Pepsin vs Pepsinogen
Both pepsin and pepsinogen are protein in origin and are found in the gastric juice of mammals. Since, pepsinogen is the precursor of pepsin; it is necessary to have pepsinogen with an acidic environment or previously formed pepsin to produce pepsin in the stomach. These two compounds are important to carry out the first digestion steps of protein digestion. When, pepsinogen, a folded single peptide chain, is converted to pepsin, there are some changes in the physical and chemical properties of the protein.
Pepsin is the active form of pepsinogen that hydrolyzes proteins during the digestion process. To form pepsin from pepsinogen, it is necessary to have either an acidic environment (pH< ~5) or presence of previously formed pepsin. Pepsin is a proteolytic enzyme that splits protein into proteoses, peptones, and polypeptides. Porcine pepsin A is the most studied and commercially available pepsin, which is isolated from the gastric mucosa of pigs.
Pepsin is made up with 6 helical sections, and each section contains less than 10 amino acids. Also, it has very few basic amino acid residues and 44 acidic residues. Because of that, it is very stable at extremely low pH. Apart from that, the complex tertiary structure and hydrogen bonds also support to its structure’s acidic stability. A cascade of change in the bond structure in a pepsinogen molecule leads to produce pepsin with the low pH environment. The conversion process has five steps. The first step of the process is reversible while the rest are irreversible. So that, once it passes the second step, the protein cannot revert back to pepsinogen.

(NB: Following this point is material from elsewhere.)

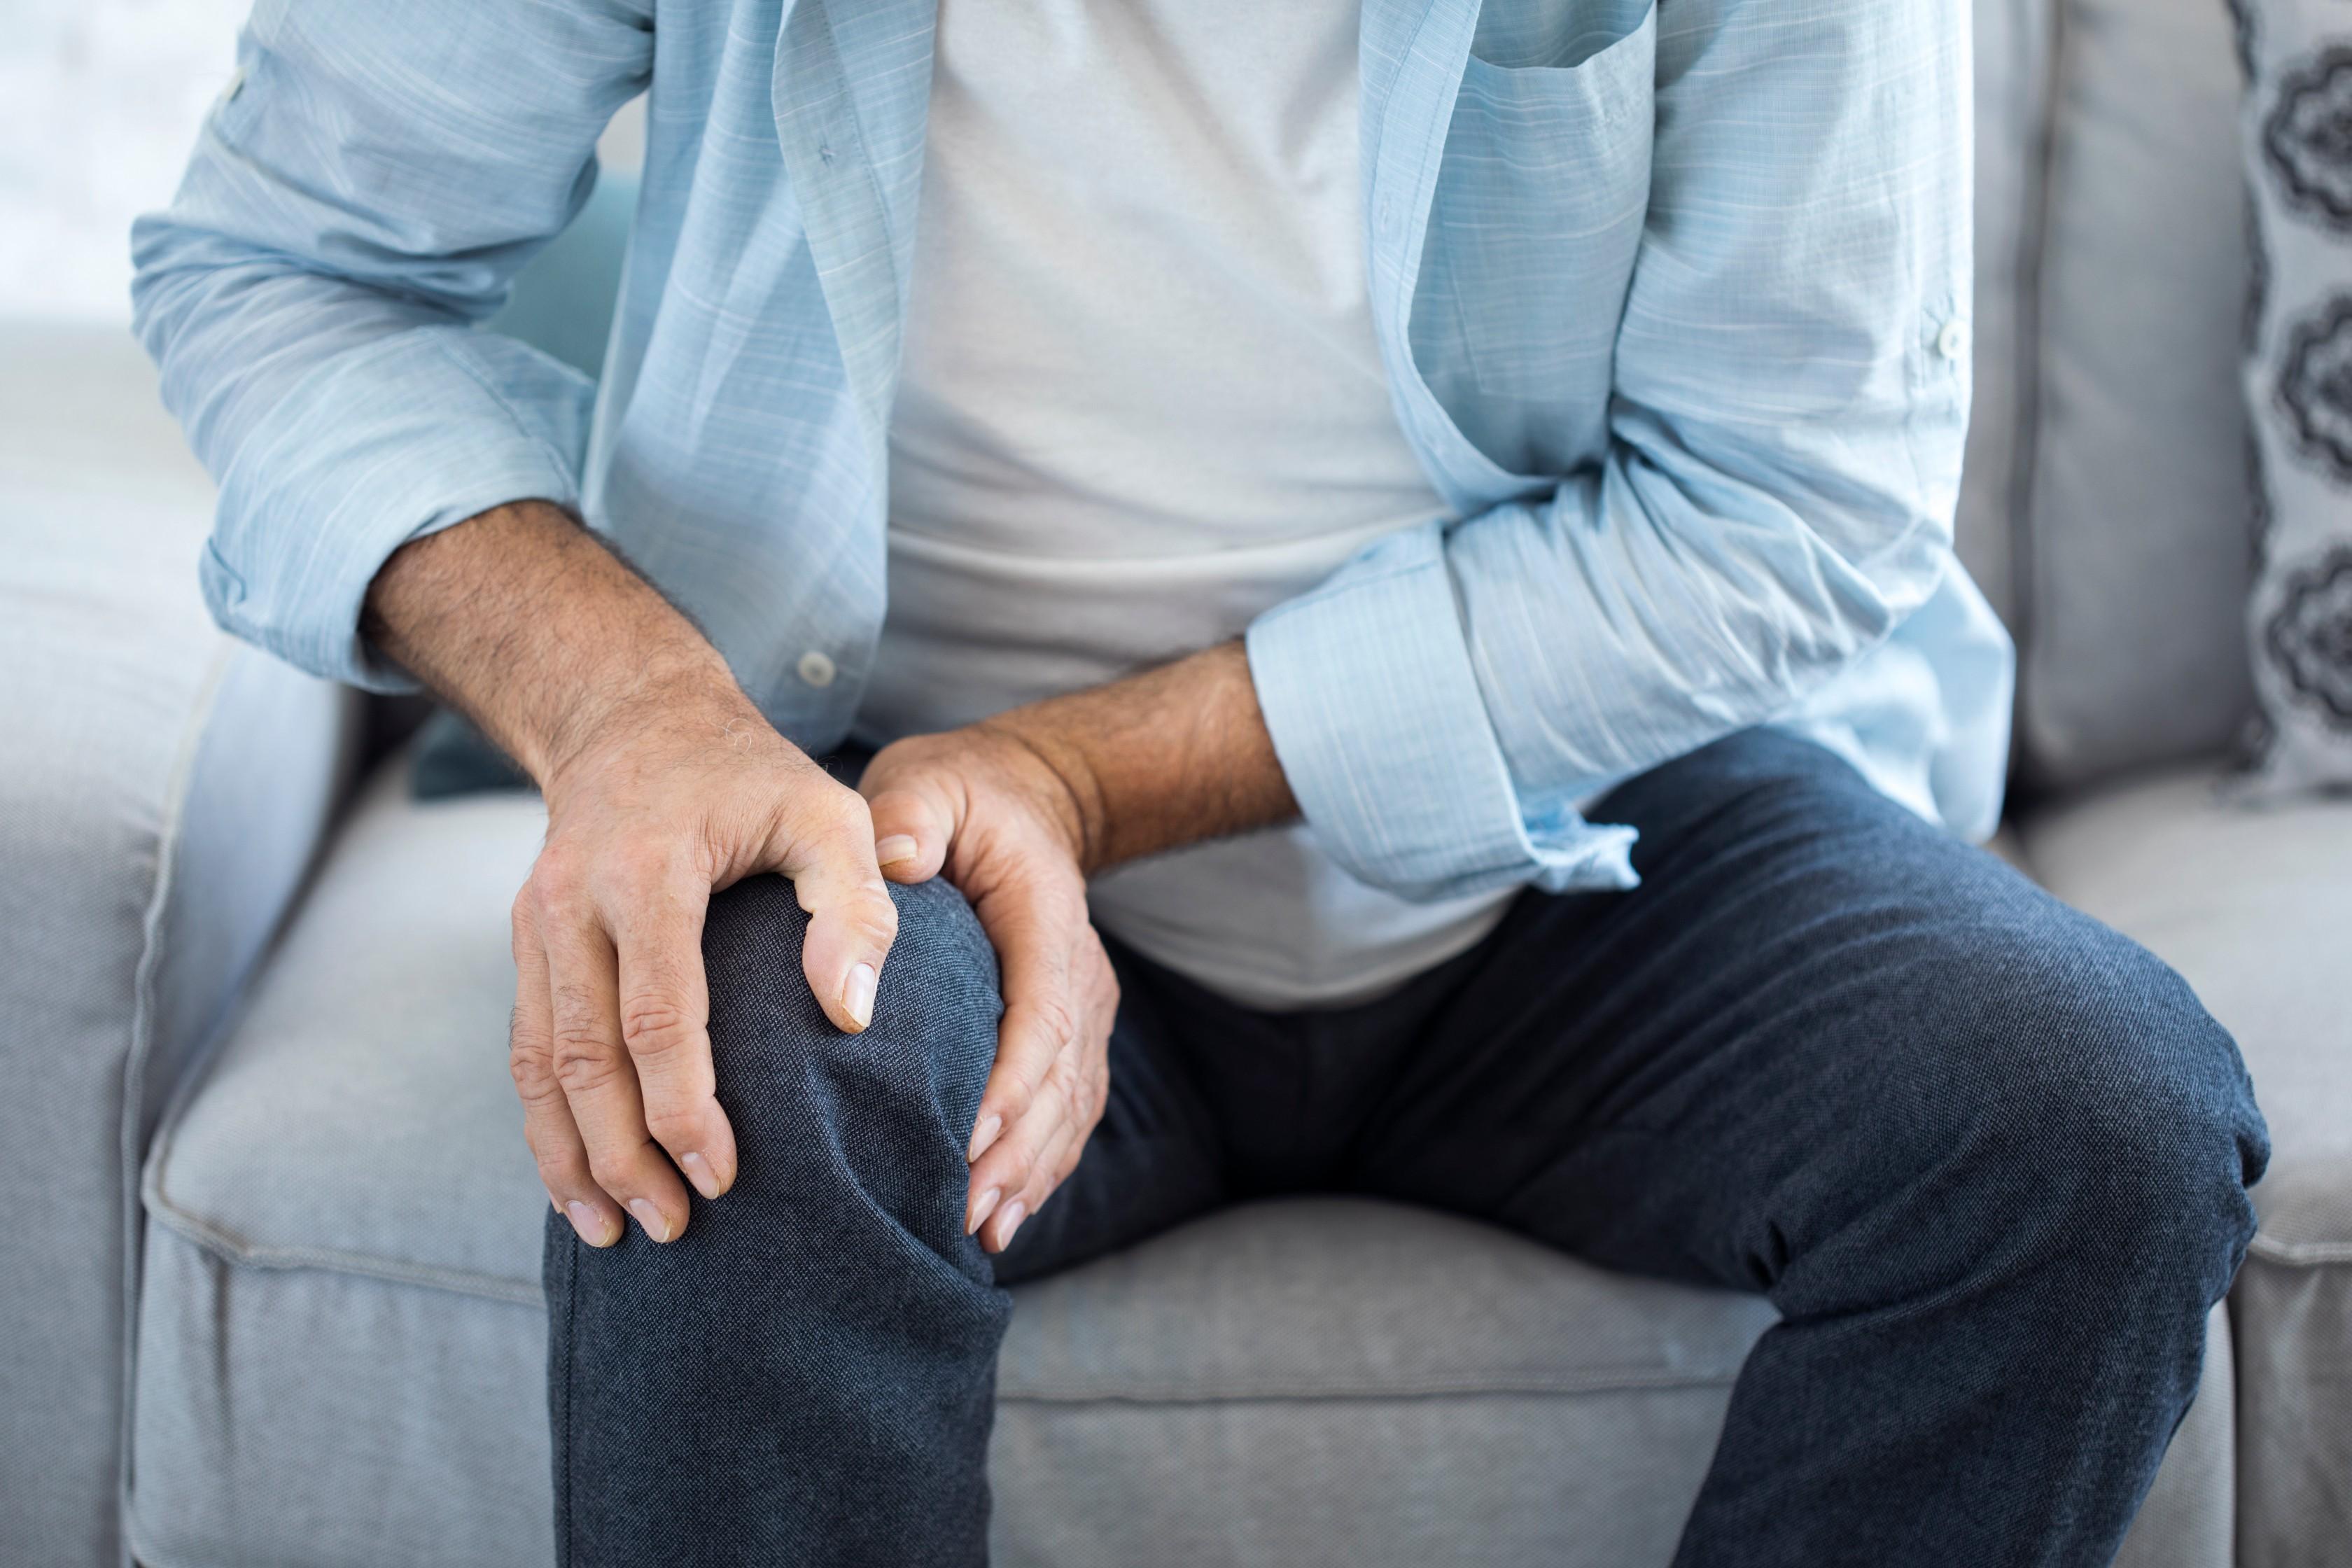 súlyos fájó fájdalom az izmokban és az ízületekben

Pepsinogen is an inactive proenzyme which is used to form pepsin for digestion of proteins. It has an additional 44 amino acids on its N-terminus that are released during the transformation. There are two forms of pepsinogen, namely; pepsinogen I and pepsinogen II, depending on the site of secretion.

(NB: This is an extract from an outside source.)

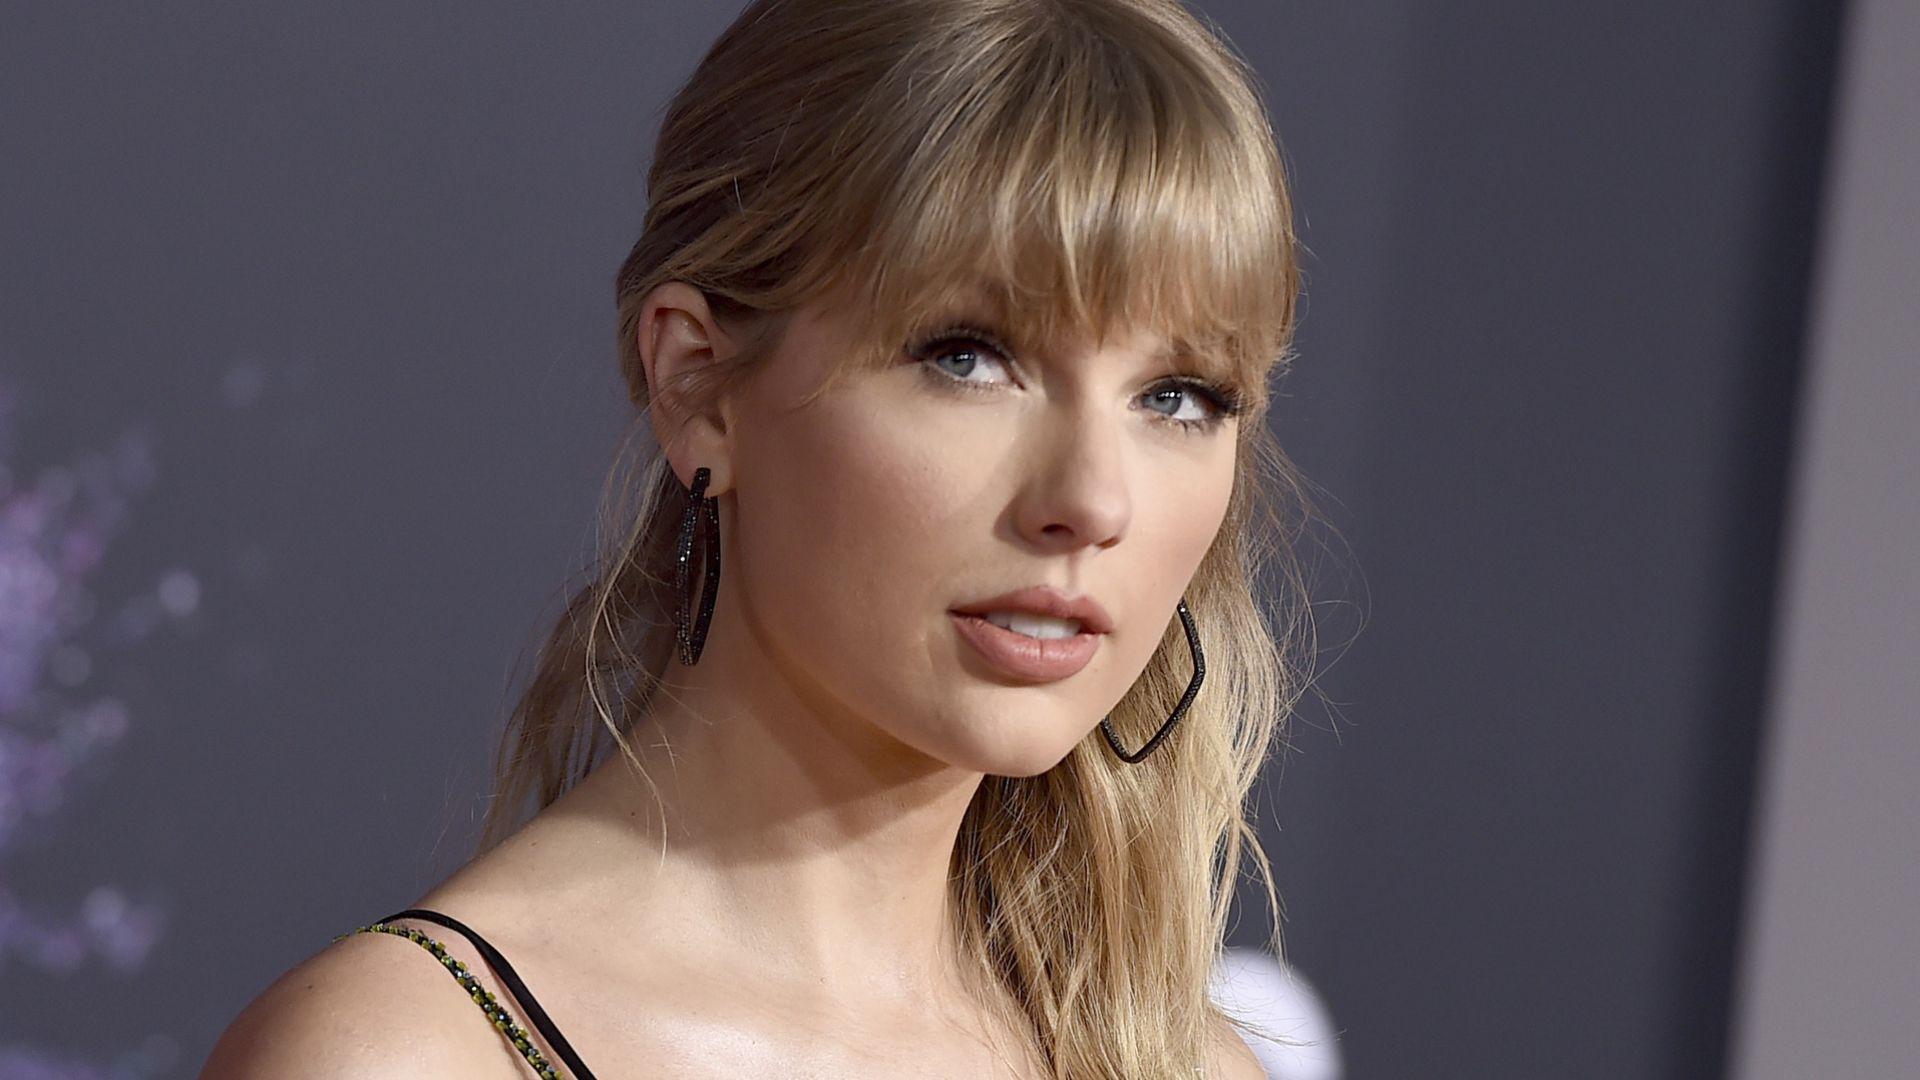 Тейлър Суифт триумфира на Американските музикални награди, но не присъства на церемонията

Pepsinogen I is secreted by chief cells, and pepsinogen II is secreted by pyloric glands. The secretion of pepsinogen is stimulated by vagal stimulation, gastrin, and histamine. Pepsinogen I is mainly found in the body of the stomach, where most acid is secreted. Pepsinogen II is mainly found in both body and antrum of the stomach.

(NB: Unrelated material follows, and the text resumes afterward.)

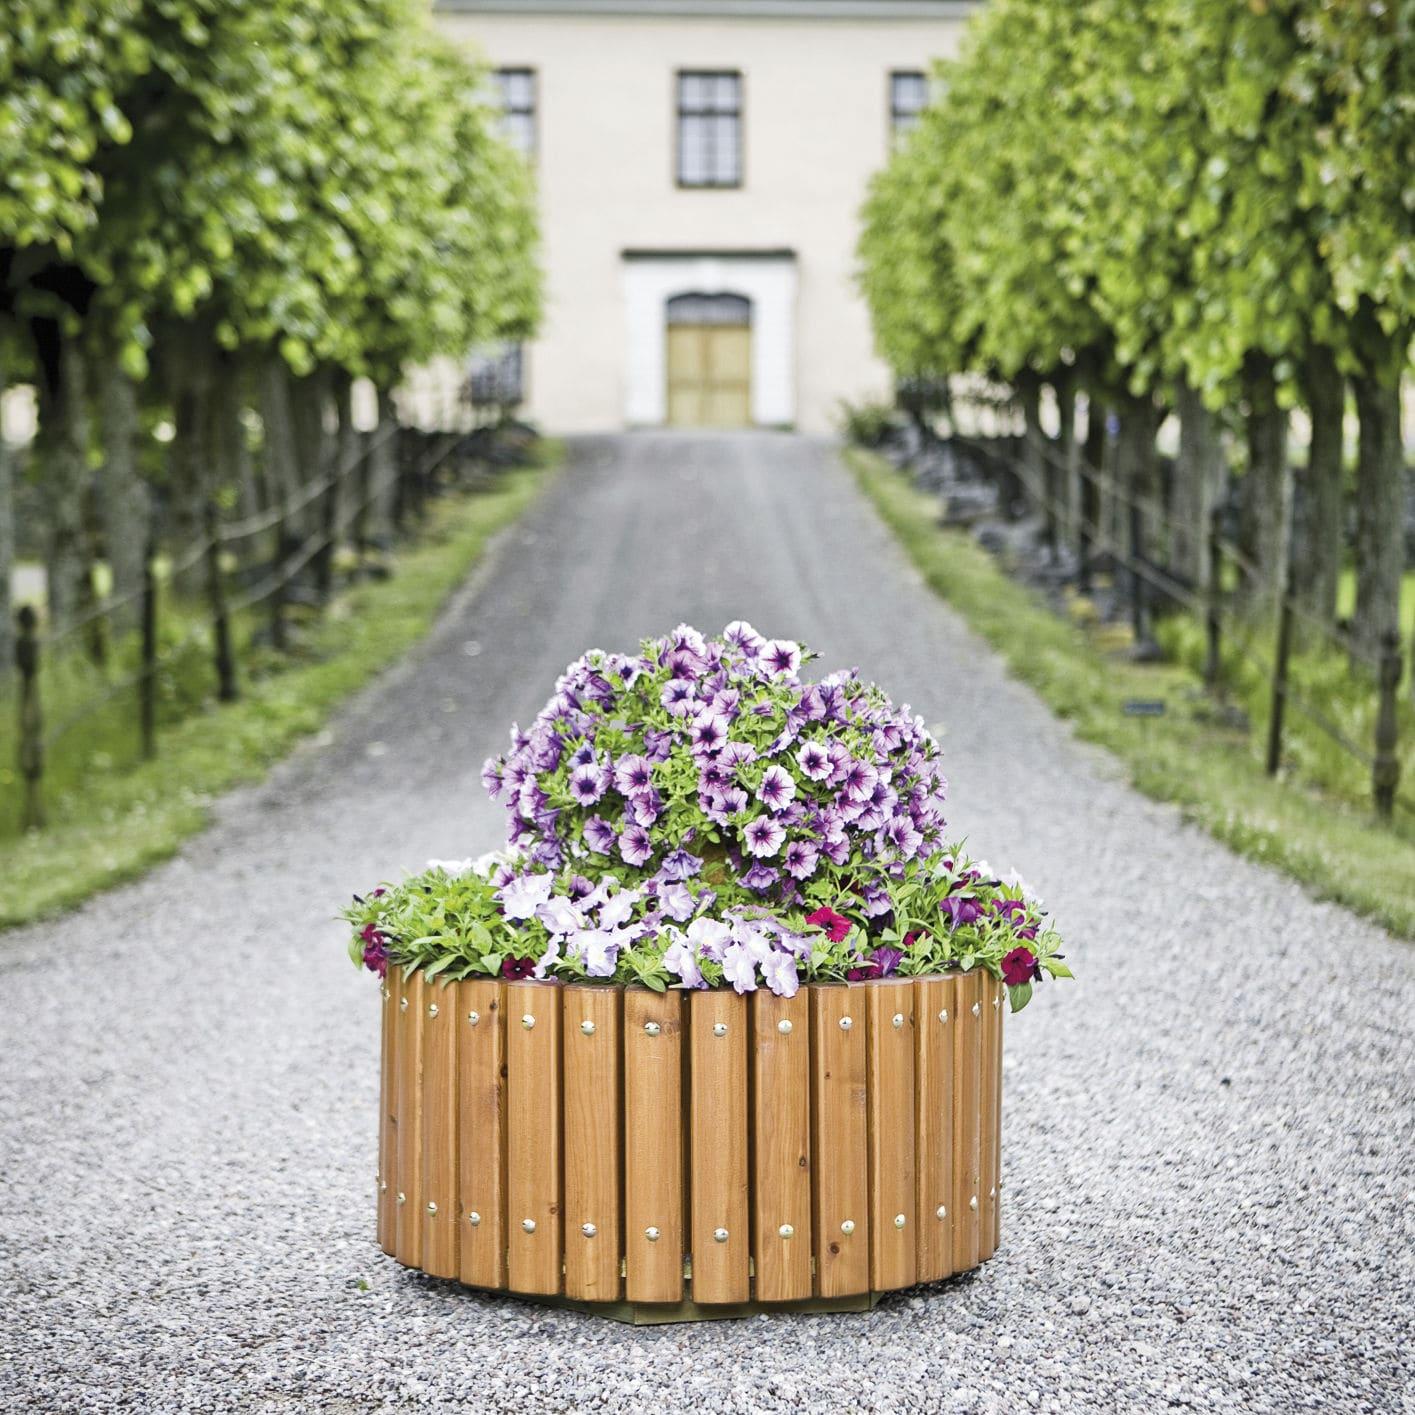 holz-pflanzkübel / rund / klassisch / für öffentliche bereiche

What is the difference between Pepsin and Pepsinogen?
• Pepsin is a proteolytic enzyme, whereas pepsinogen is a proenzyme.
• Pepsin is the active form of pepsinogen while pepsinogen is the inactive precursor of pepsin.
• Unlike the pepsin, pepsinogen is secreted by chief cells and pyloric glands.
• Pepsinogen is converted to pepsin by hydrochloric acid or performed pepsin.
• Unlike the pepsin, pepsinogen secretion is stimulated by vagal simulation, gastrin, and histamine.
• Pepsinogen is stable in both neutral and alkaline solutions, whereas pepsin is not.
• Unlike pepsinogen, pepsin can hydrolyze proteins.
• Pepsin can be activated by lowering the pH of the medium, whereas pepsinogen cannot.